We can ask the same question without mixing in Hawking radiation and a pair of particles. If a particle falls into the black hole, it can't come out. And time reversibility won't get it out of there either. In fact, it is not a time reversible process. The reason for this is explained in A. Zee's book “Einstein Gravity in a Nutshell” (pp. 416--417). I'll just quote it:

# A common confusion about plunging into a black hole

Confusio speaks up: “I have learned that the fundamental laws in classical physics (and also quantum physics) are time reversal invariant, that is, they are unchanged upon $$t\rightarrow-t$$. I read that if we take a movie depicting a microscopic process and run it backward, the reversed process must also be allowed by the laws of physics. So why can’t I run the film of the observer radially plunging into a black hole and watch him come flying out?”

Well, well, that Confusio is more astute than we think. Indeed, the Lagrangian $$L=\left[\left(1-\frac{r_S}{r}\right)\left(\frac{dt}{d\tau}\right)^2-\left(1-\frac{r_S}{r}\right)^{-1}\left(\frac{dr}{d\tau}\right)^2-r^2\left(\frac{d\theta}{d\tau}\right)^2-r^2\sin^2\theta\left(\frac{d\varphi}{d\tau}\right)^2\right]^{\frac{1}{2}}$$ governing the motion of a particle in Schwarzschild spacetime is manifestly invariant under $$t\rightarrow-t$$. So where is the catch in the standard arguments about time reversal invariance?

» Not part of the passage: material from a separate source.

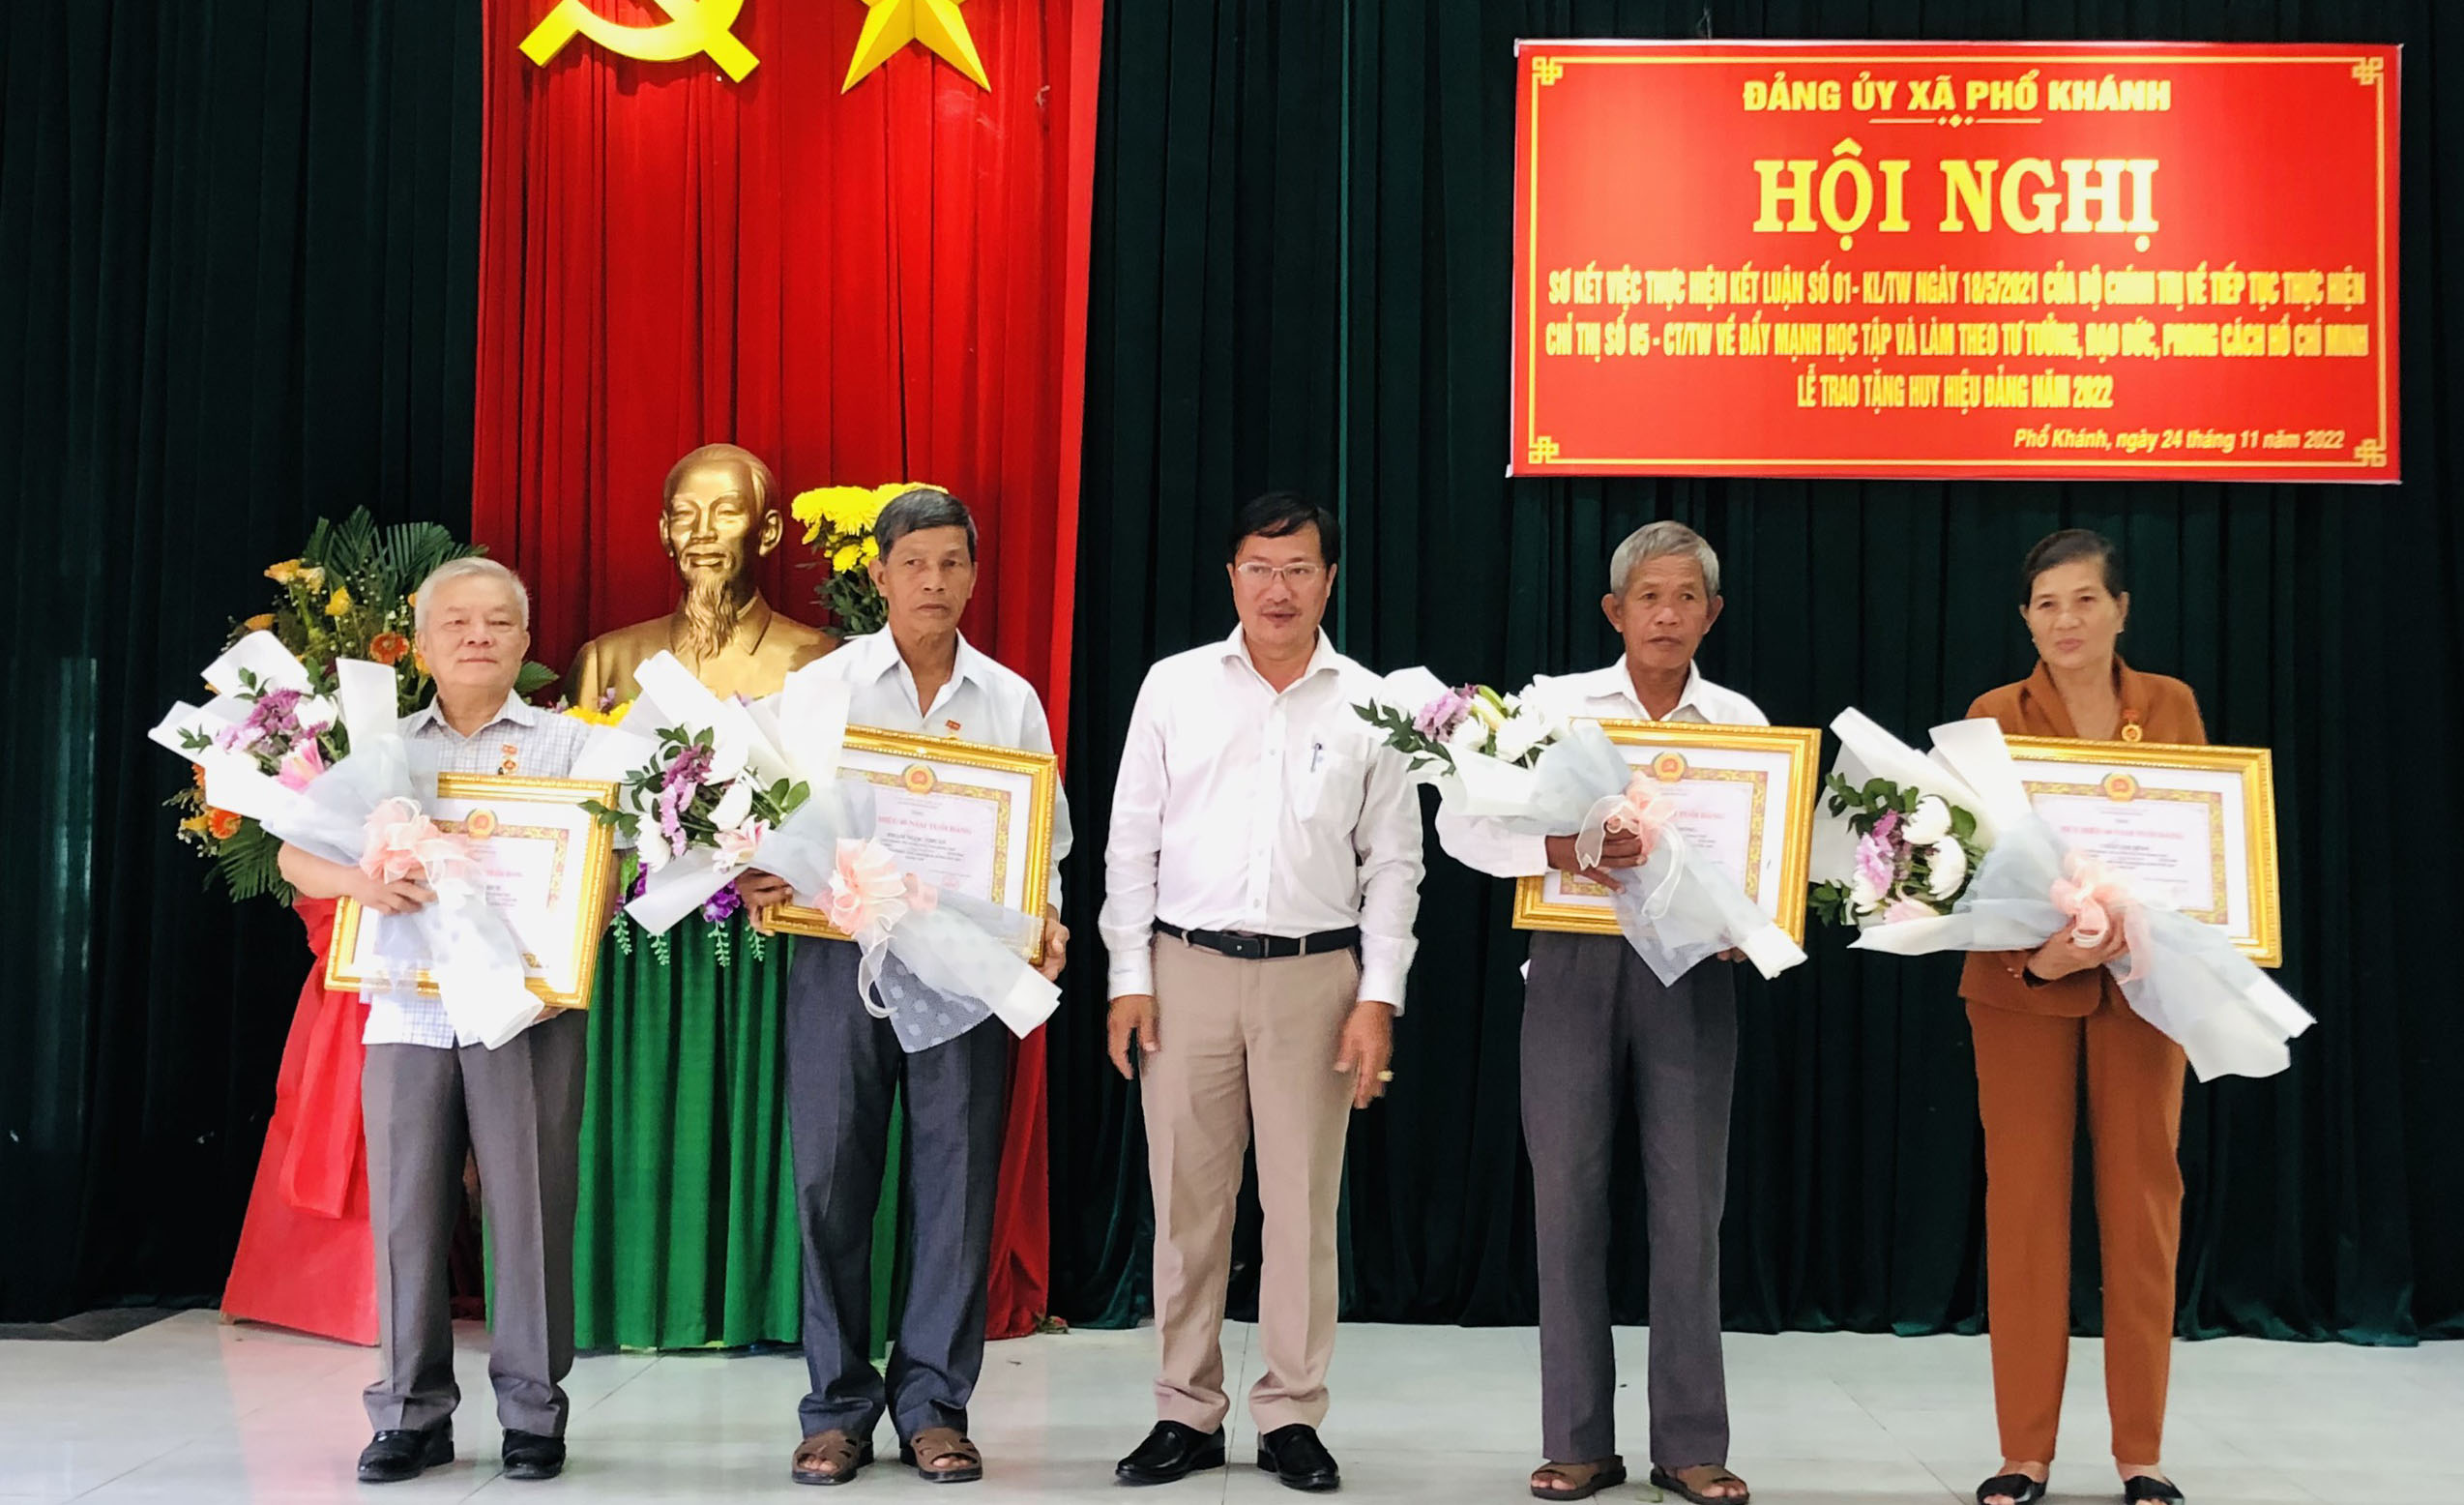 Đảng uỷ xã Phổ Khánh tổ chức Lễ trao tặng huy hiệu Đảng

The catch, as I have already mentioned, is that the coordinate time $$t$$ increases to $$+\infty$$ as $$r\rightarrow r^+_S$$ and then decreases from $$+\infty$$ after the observer crosses the horizon. Indeed, as is evident from the Lagrangian just displayed, $$t$$ and $$r$$ exchange roles for $$r. The letter “$$t$$” no longer denotes time! Much more on this in the next chapter.

The standard arguments about time reversal invariance work perfectly well as long as $$r>r_S$$. Thus, if we could somehow install a trampoline at $$r^+_S$$ just outside the black hole, the observer in radial plunge could bounce back out to $$r=\infty$$, retracing his trajectory.